November 25, 2008

Desperately Seeking Syllabi

There’s a moment I cherish at the beginning of any semester at Colby. To the musical rustling of crisp sheets of paper, the professor distributes a three or four page document of gloriousness. What percentage of my grade does participation count for? How many exams in the semester? What are page requirements for papers (double-spaced in Times New Roman font, of course)? Look no further. The class syllabus has it all.

Before you consider me too much of a Hermione Granger, “I just read through letters K to M in the dictionary for fun!” type, take a moment to imagine the horrors and chaos of life without syllabi. Unclear assignment requirements! Homework that springs up on you! No explanation of the edition of the textbooks you should get, so your page 16 is the professor’s 78! Makes you shudder, right? What kind of country’s education system would eschew the organization and centralization of a syllabus, a commodity as necessary to a student’s life as internet and running water?
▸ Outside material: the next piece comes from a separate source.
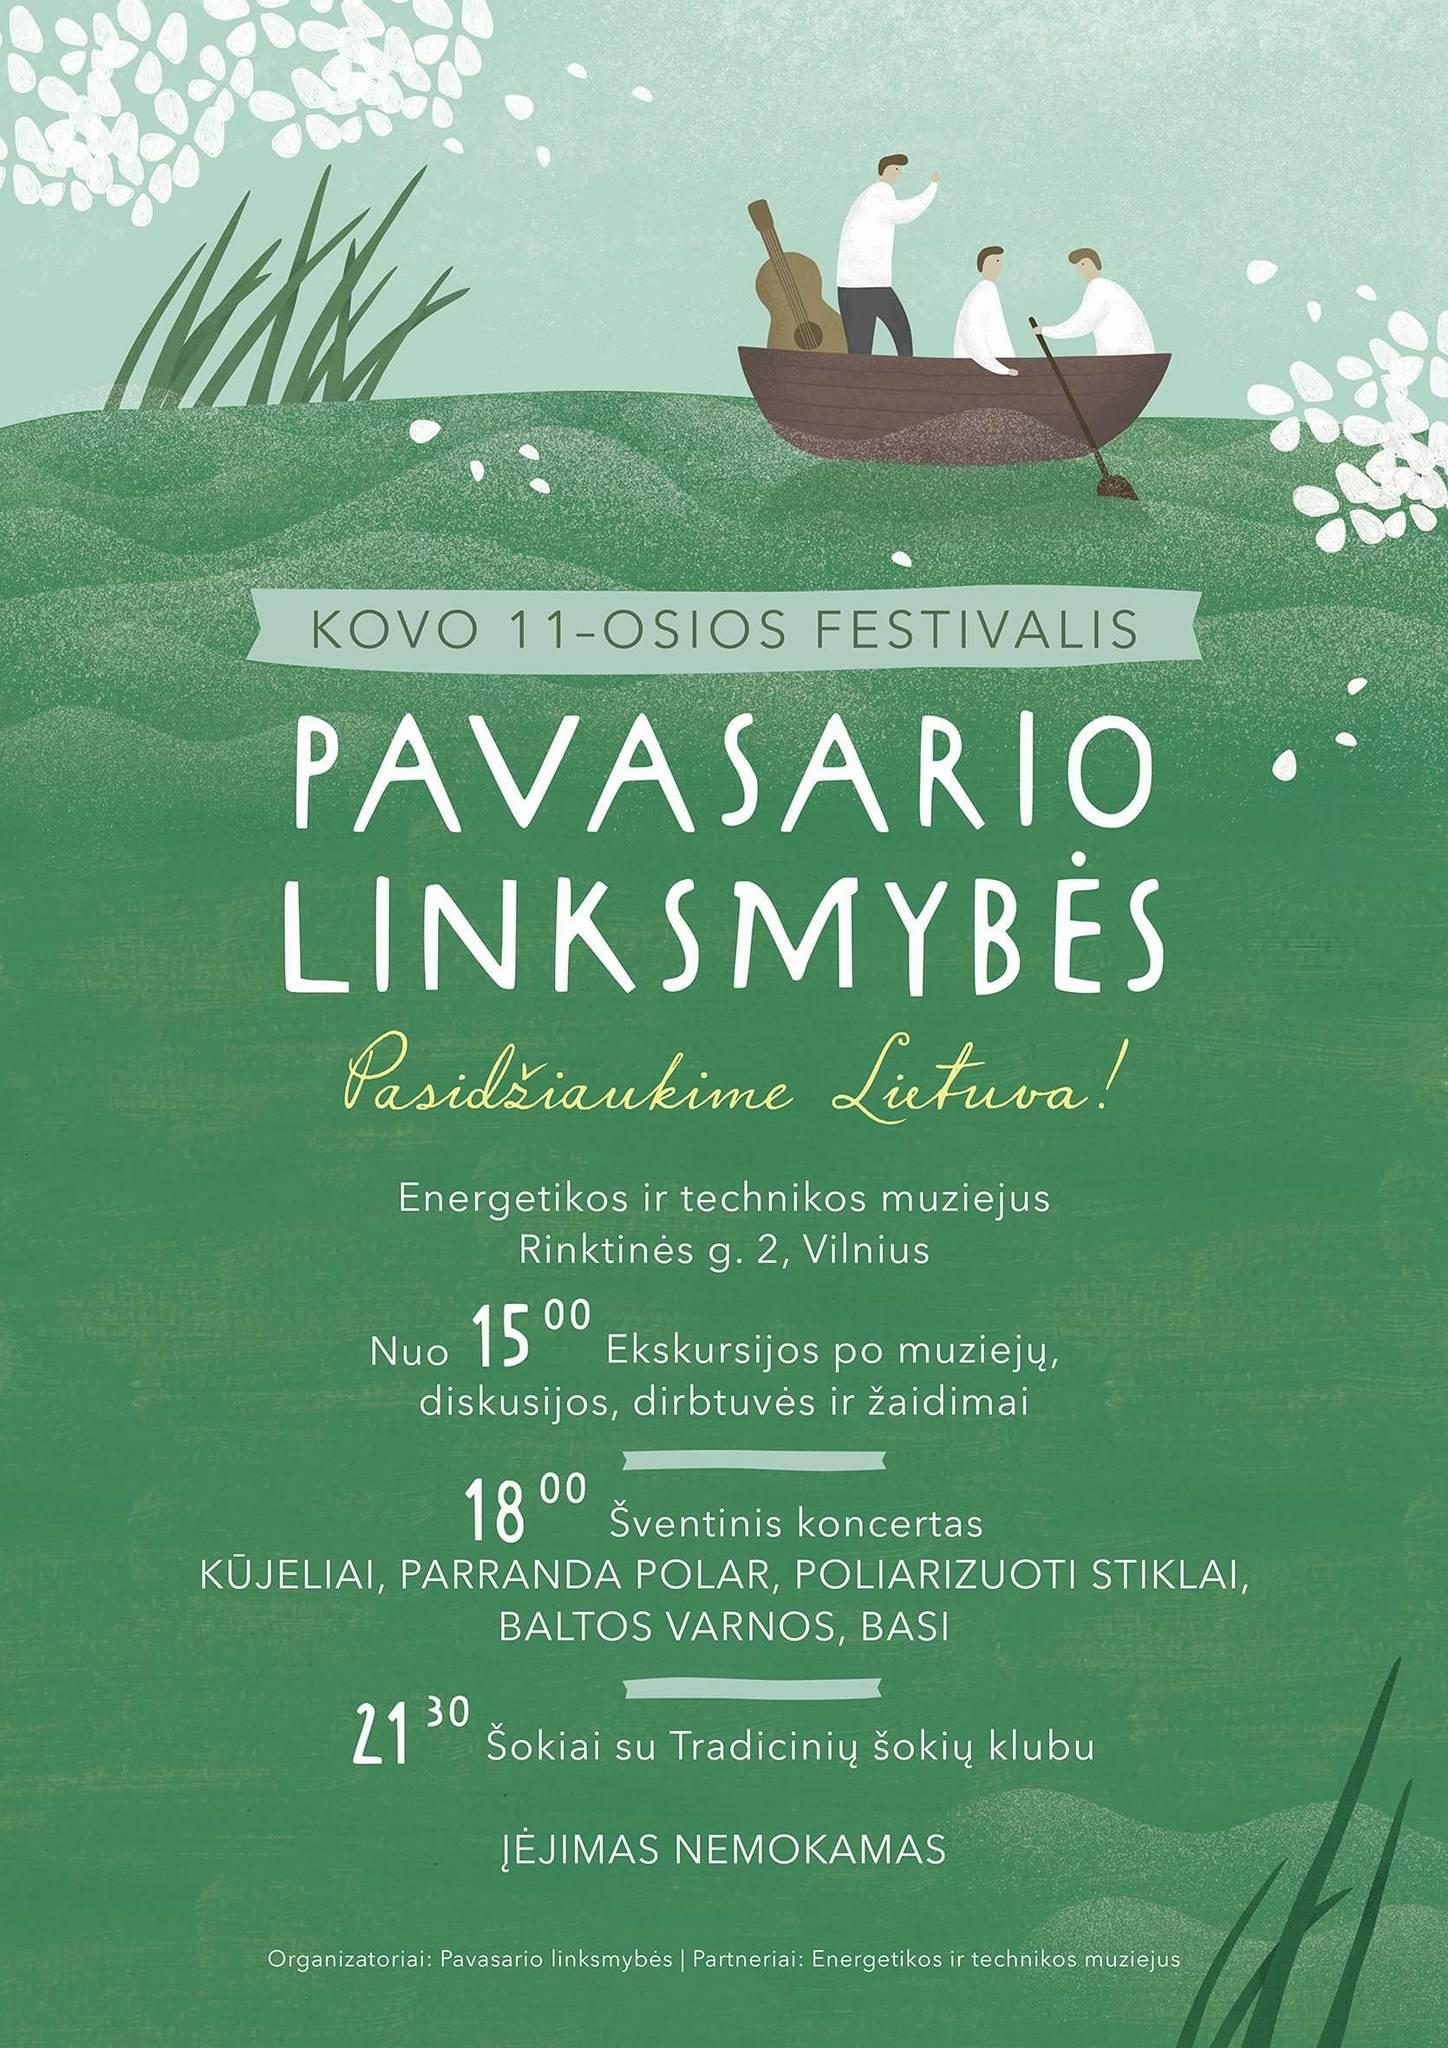 Kovo 11-osios festivalis Pavasario linksmybės

Welcome to the French classroom.

I probably should have guessed it from the moment I found out French universities still don’t have online course registration, but I blithely assumed that at least when it came to printed paper the French had mastered basic classroom documentation. I assumed wrong. Instead, ten minutes at a time in each class are devoted to a review of the assignments: “What do you mean, you forgot you had to buy this obscure study packet unavailable at almost all Parisian bookstores?” the professors will ask us. “Didn’t you catch the offhand comment I made at the end of class three weeks ago?”
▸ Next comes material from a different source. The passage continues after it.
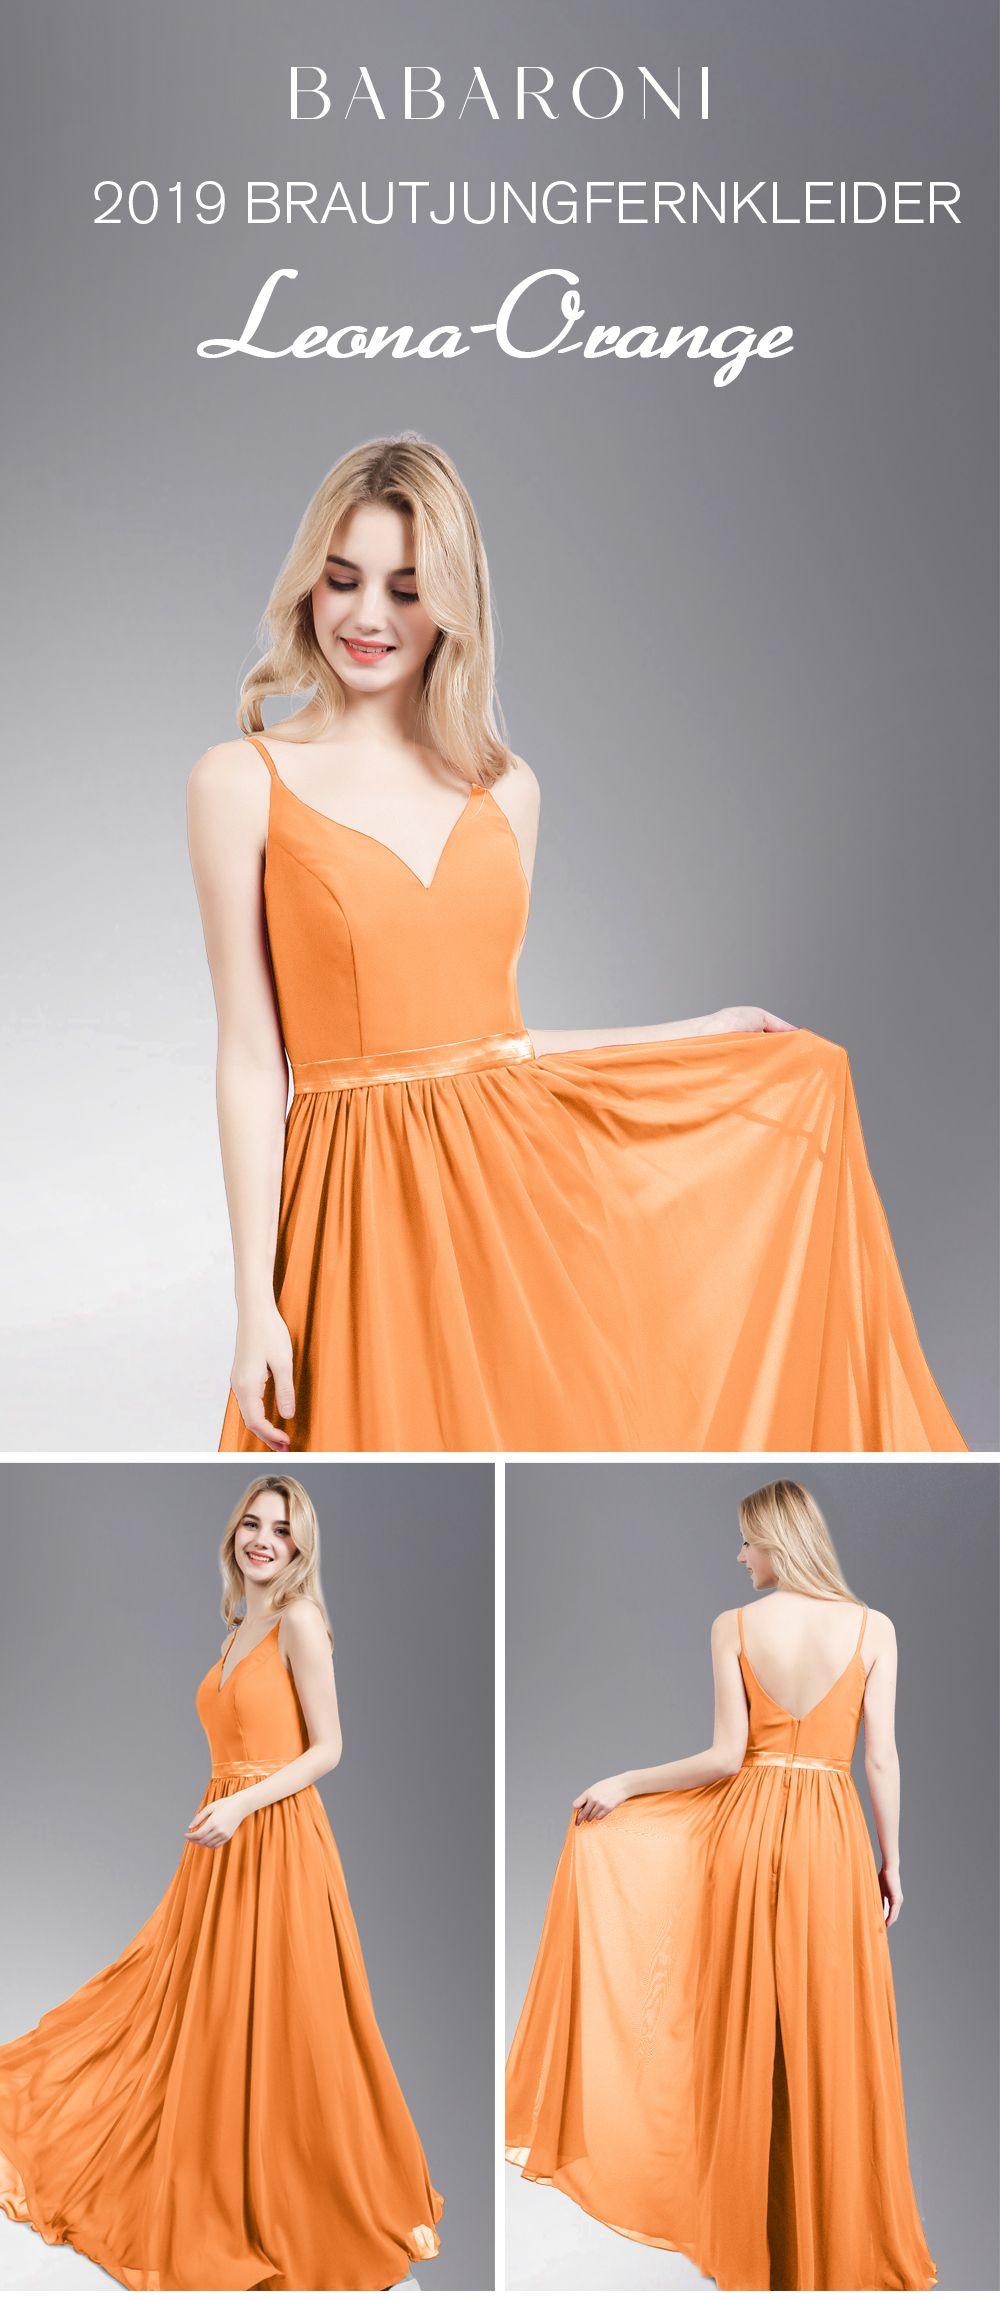 Dieses Kleid Ist Mit A-Linie-Schnitt Entworfen, Um Die Figur

Perhaps worst of all – and here, I’ll allow any Hermione Granger comparisons – I consider the syllabus to be a contract. If I fail to do an assignment in the syllabus that was my responsibility, I deserve the consequences. Similarly, if a professor decides to lump in an extra exam with one week’s notice, I’m miffed. So it was with astonishment that I witnessed various students in my history class at the Sorbonne raise their hands and ask the teacher: “Do you think we can move the due date for the essay? To read all three books you’ve assigned will take a while.”

Any Colby professor would have raised the syllabus in the air with the implicit understanding of tough luck; you should have gotten started on your work sooner. Any Colby student would have at least known to phrase a request for an extension in different wording than a critique of the workload.

And that’s the beauty of the syllabus. It keeps both parties accountable for their part, and it fosters a genuine respect for the learning process you don’t find in a system where you can bargain your way to easier assignments. The challenges of the class should be about genuinely mastering the new material, not about trying to decipher exactly what line spacing and margin sizes the professor is expecting on the term paper.